Instruction for the data below: set down exactly the lines from the line with "Free Download Halloween" to the line with "A Fossil Gen", inclusive, and no others.

■ Data for review ■

++++++++

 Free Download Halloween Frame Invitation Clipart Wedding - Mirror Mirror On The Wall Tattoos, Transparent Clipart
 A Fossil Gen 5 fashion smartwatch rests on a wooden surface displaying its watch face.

++++++++

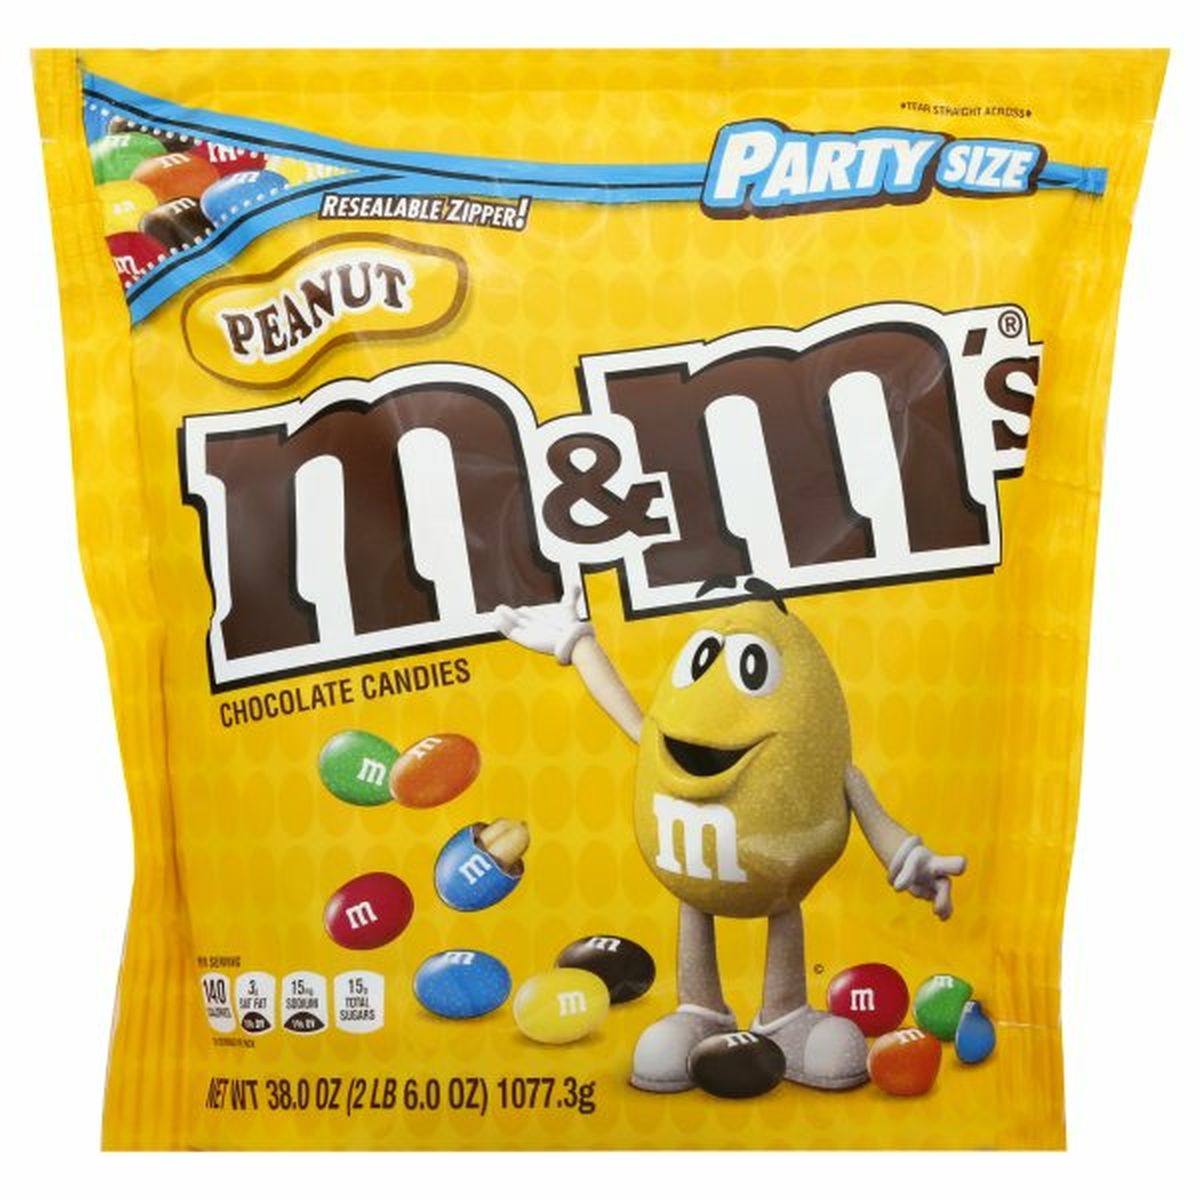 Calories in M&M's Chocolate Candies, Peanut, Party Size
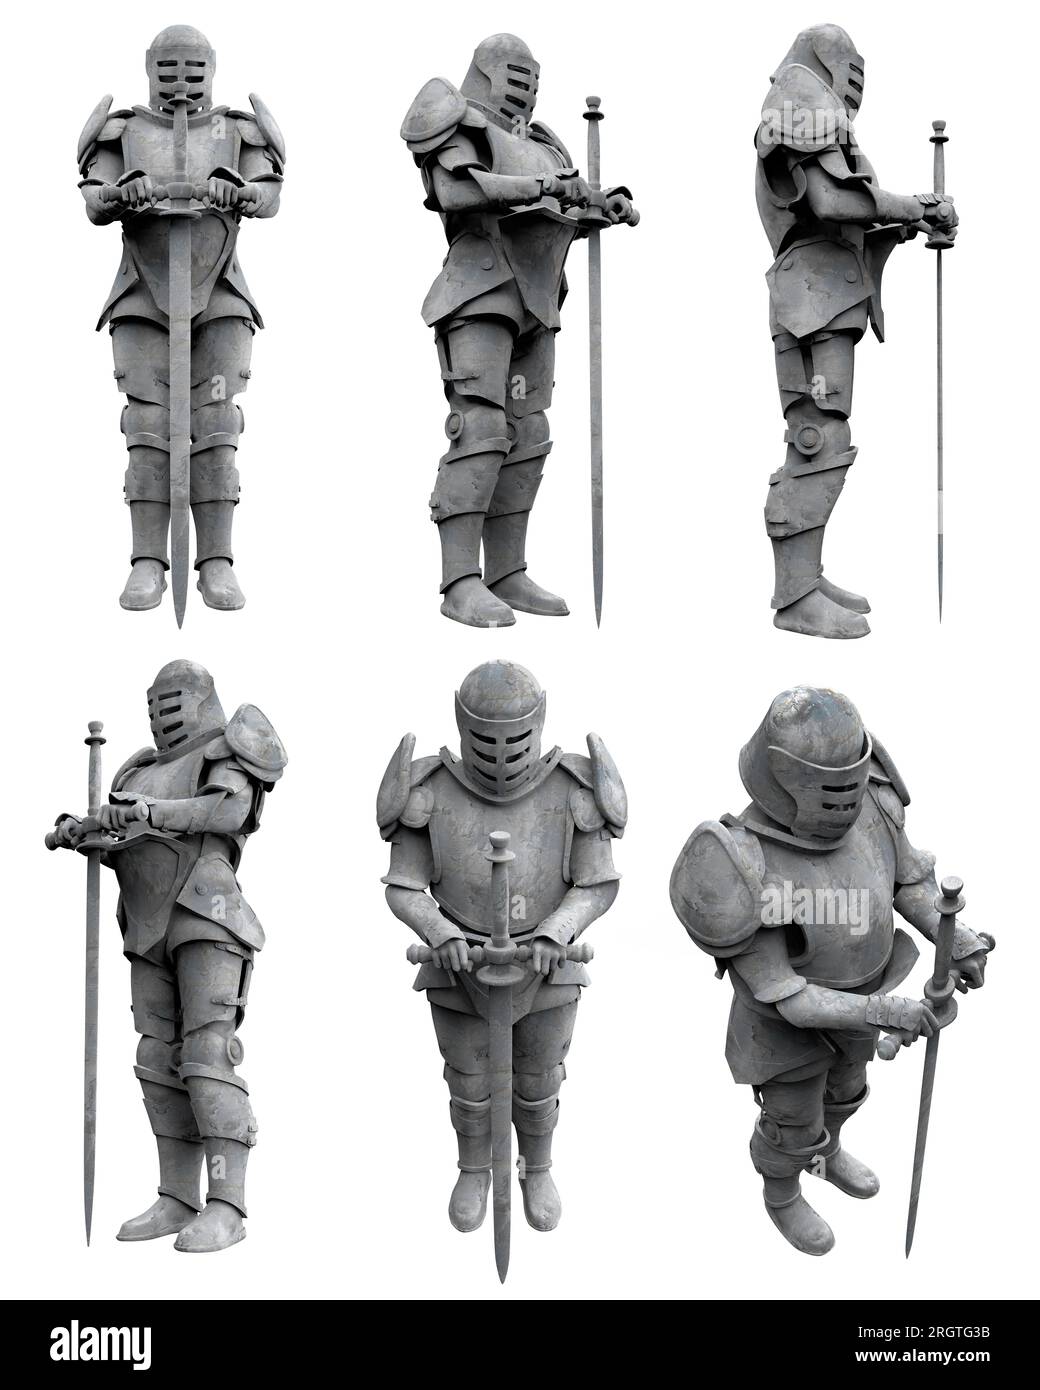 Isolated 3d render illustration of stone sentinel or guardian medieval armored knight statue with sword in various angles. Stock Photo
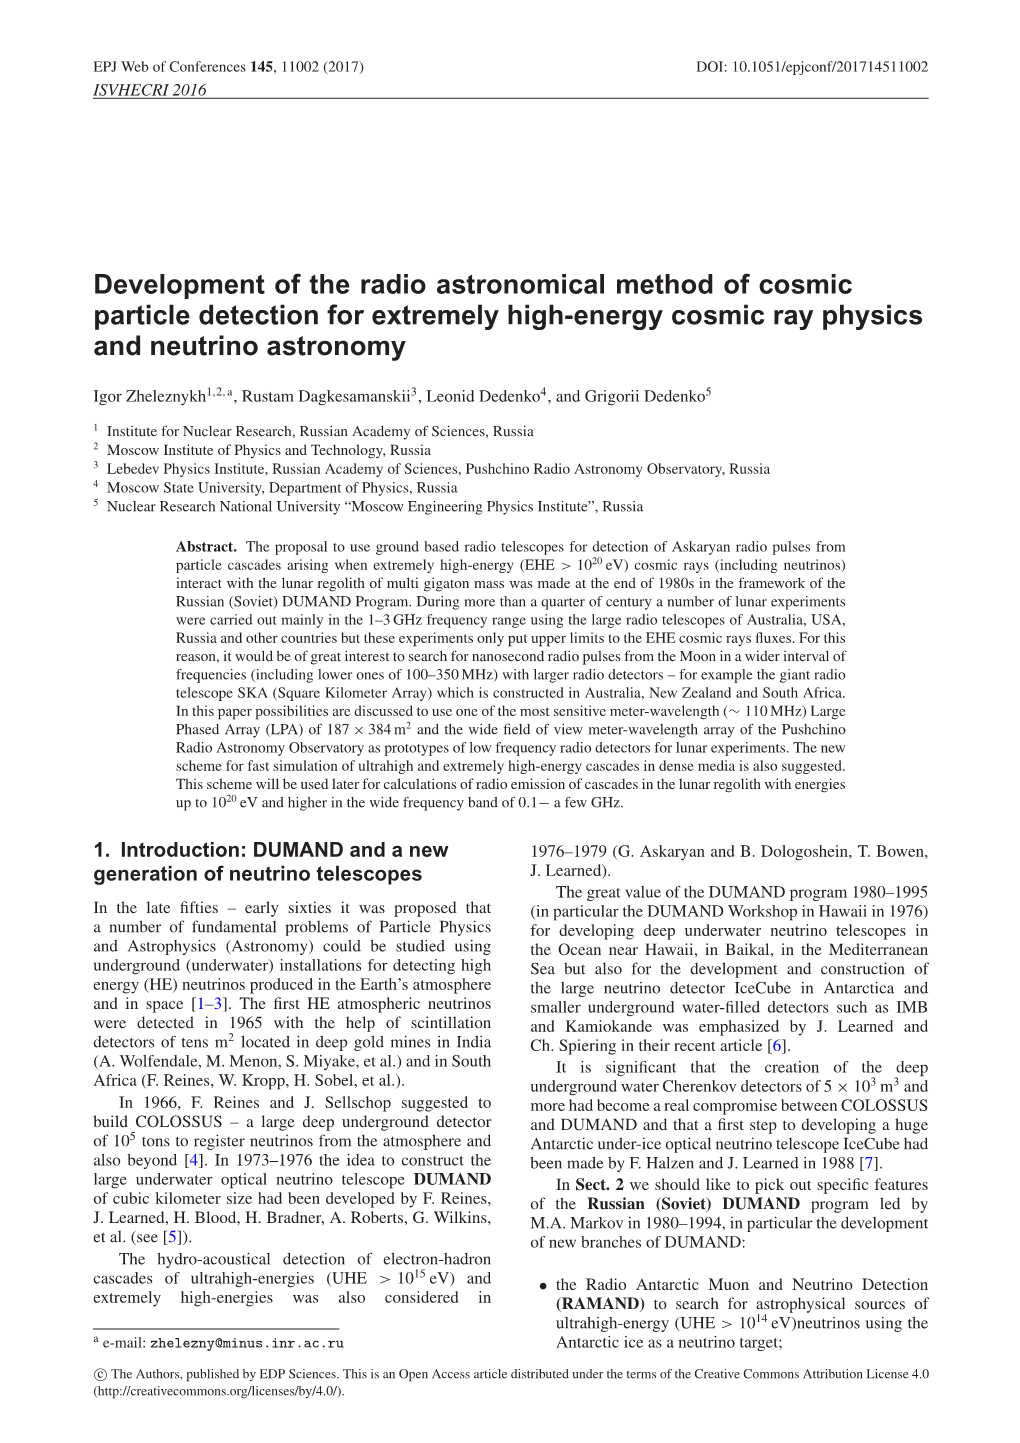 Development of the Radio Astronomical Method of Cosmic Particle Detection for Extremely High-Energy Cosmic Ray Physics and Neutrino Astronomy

++++++++

■ Your solution ■
 Free Download Halloween Frame Invitation Clipart Wedding - Mirror Mirror On The Wall Tattoos, Transparent Clipart
 A Fossil Gen 5 fashion smartwatch rests on a wooden surface displaying its watch face.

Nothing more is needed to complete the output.